Compartimos la investigación doctoral de Carlos Fritzen SJ, Coordinador General de Fe y Alegría Internacional, titulado: "Nuevos aportes para la incidencia política desde la educación popular", el cual reflexiona sobre cómo la educación orienta la transformación de las sociedades. A continuación, la presentación del autor.

 

Con mucha alegría les presento este libro que es el resultado de cuatro años de investigación doctoral en la Pontificia Universidad Javeriana de Bogotá.

Realicé estos estudios con el propósito de profundizar en la reflexión desde la academia de la práctica educativa y política de Fe y Alegría. En concreto, mi principal motivo de reflexión fue la incidencia
política.

Analicé esta práctica con la convicción que puede significar algo más que la simple modificación de políticas públicas o leyes. Convicción que formé desde la experiencia, desde la participación en  procesos de reivindicación social en Brasil y en otros países de América Latina.

Durante esos años de experiencia me he convencido que una política pública o una ley son sí necesarias, pero insuficientes para avanzar en el camino de la justicia social. O, ¿acaso una ley es suficiente para detener la destrucción natural del planeta?, ¿una política pública es suficiente para eliminar el hambre?, ¿para amar eficazmente a los pobres?

Creo que la respuesta es no. Por eso la incidencia política como práctica de transformación social, que se vincula y contribuye a fortalecer nuestro quehacer educativo, no debería ser entendida sólo como una acción de lobby o de cabildeo para generar nuevos arreglos institucionales, en el mejor de los casos.
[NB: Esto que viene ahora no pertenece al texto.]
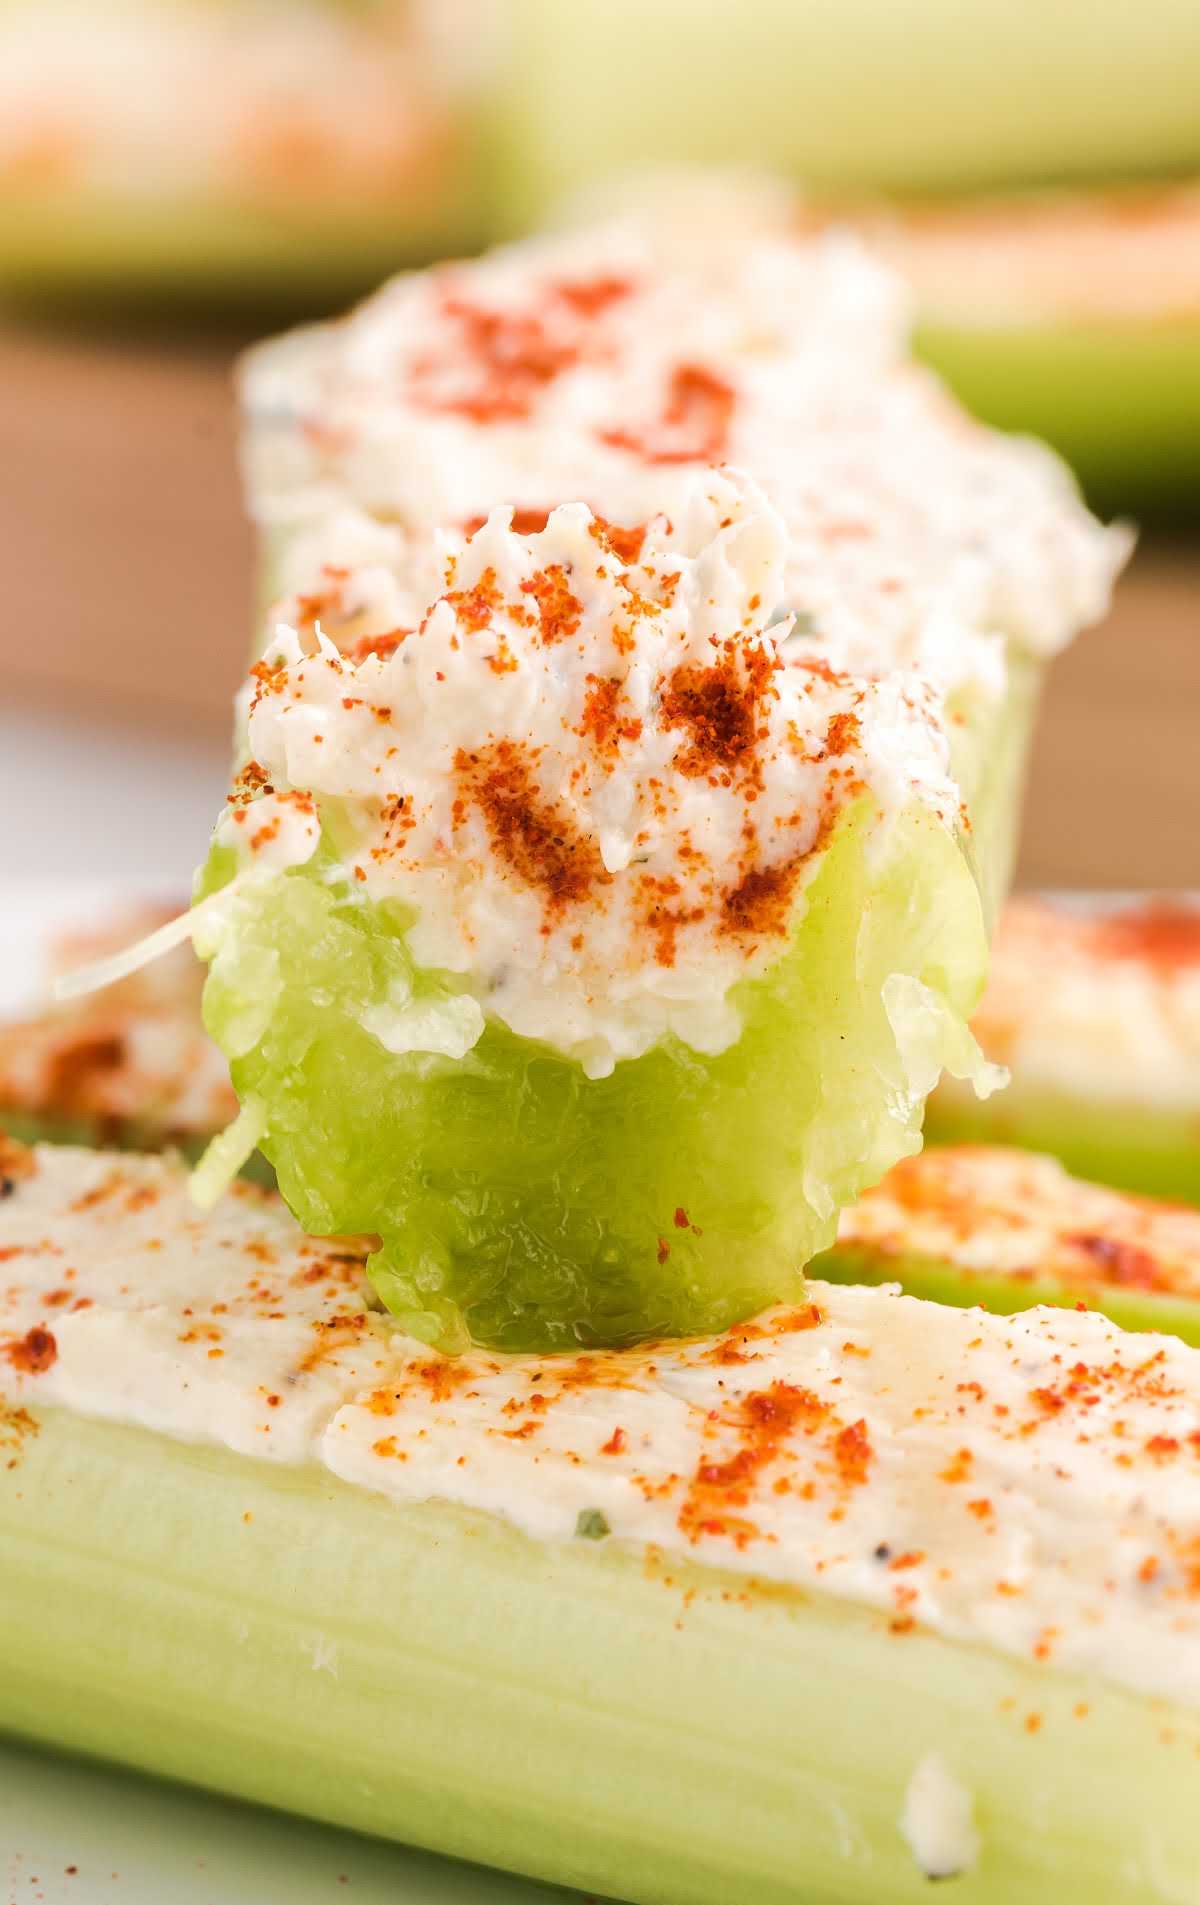 Celery stuffed with a cream cheese filling and topped with smoked paprika
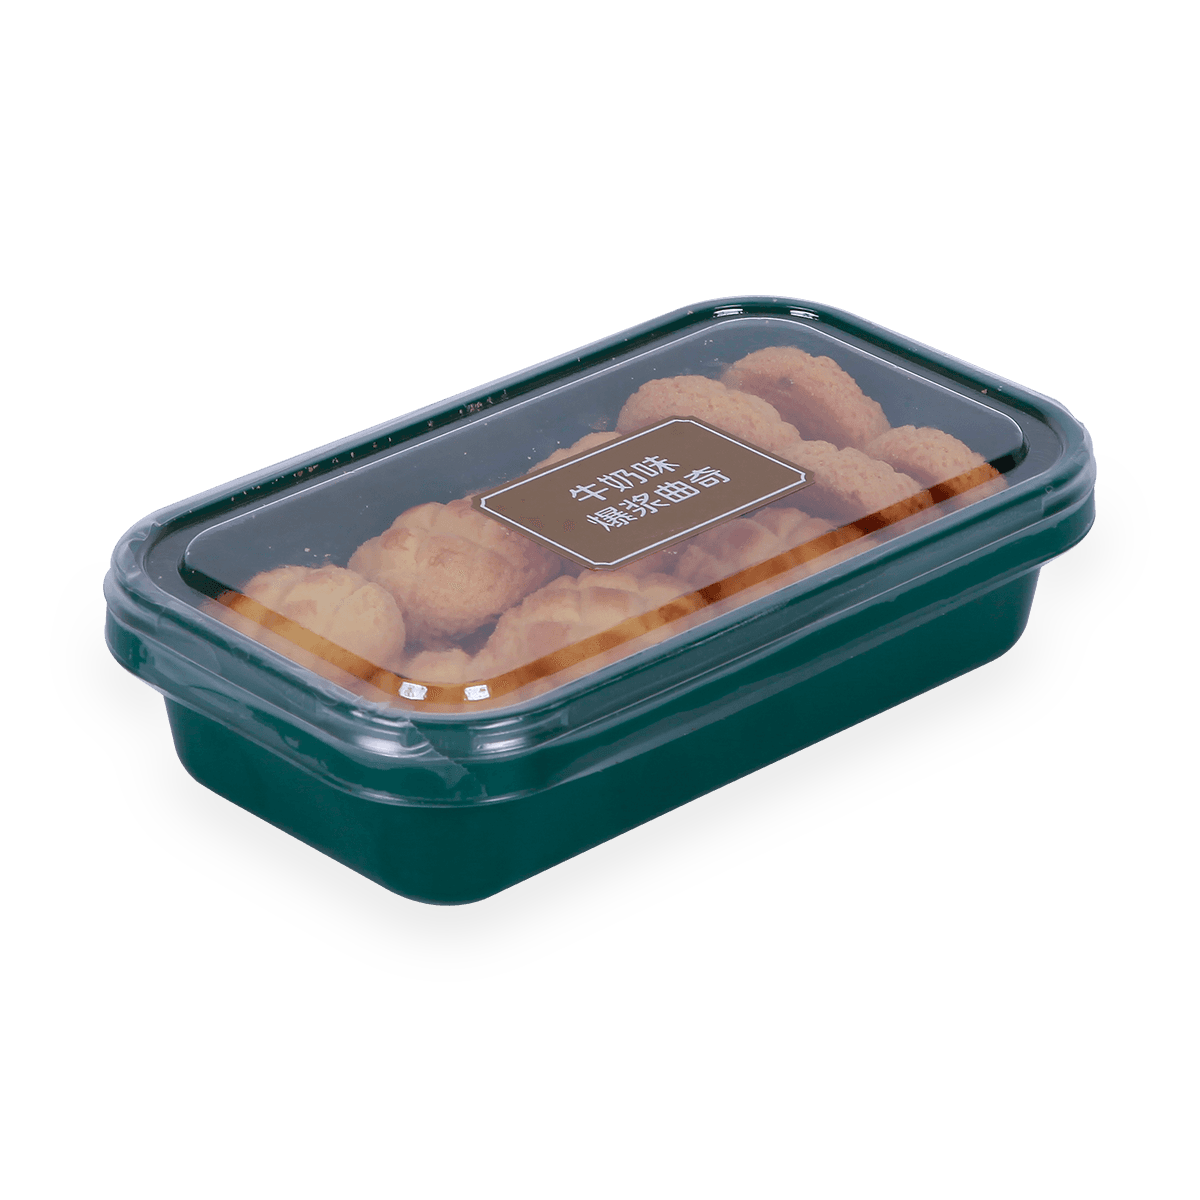 PCR PET recyclable clamshell food packaging containers

No desconozco con ello que en esas acciones hay energía transformadora e, incluso, defiendo que deben profundizarse y mantenerse como propósito de Fe y Alegría. Reconozco y valoro, además, que el Movimiento, en algunos casos, logró a través de estas acciones garantizar su permanencia institucional, comprometiendo a los Estados con la financiación de iniciativas de educación de calidad para todos y todas.

Sin embargo, lo anterior no es suficiente para cumplir con nuestra misión. El horizonte de Fe y Alegría es claro: contribuir desde la educación a la transformación individual y social. Y transformar significa construir una sociedad nueva, fraterna y justa.

Irán leyendo en esta investigación que la transformación social también significa caminar junto a los más pobres, acompañarlos en sus necesidades y anhelos. Esto lo sabe Fe y Alegría desde la época del P. José María Vélaz y lo ha ido reafirmando en Paulo Freire, en la Teología de la liberación y en 67 años de praxis histórica.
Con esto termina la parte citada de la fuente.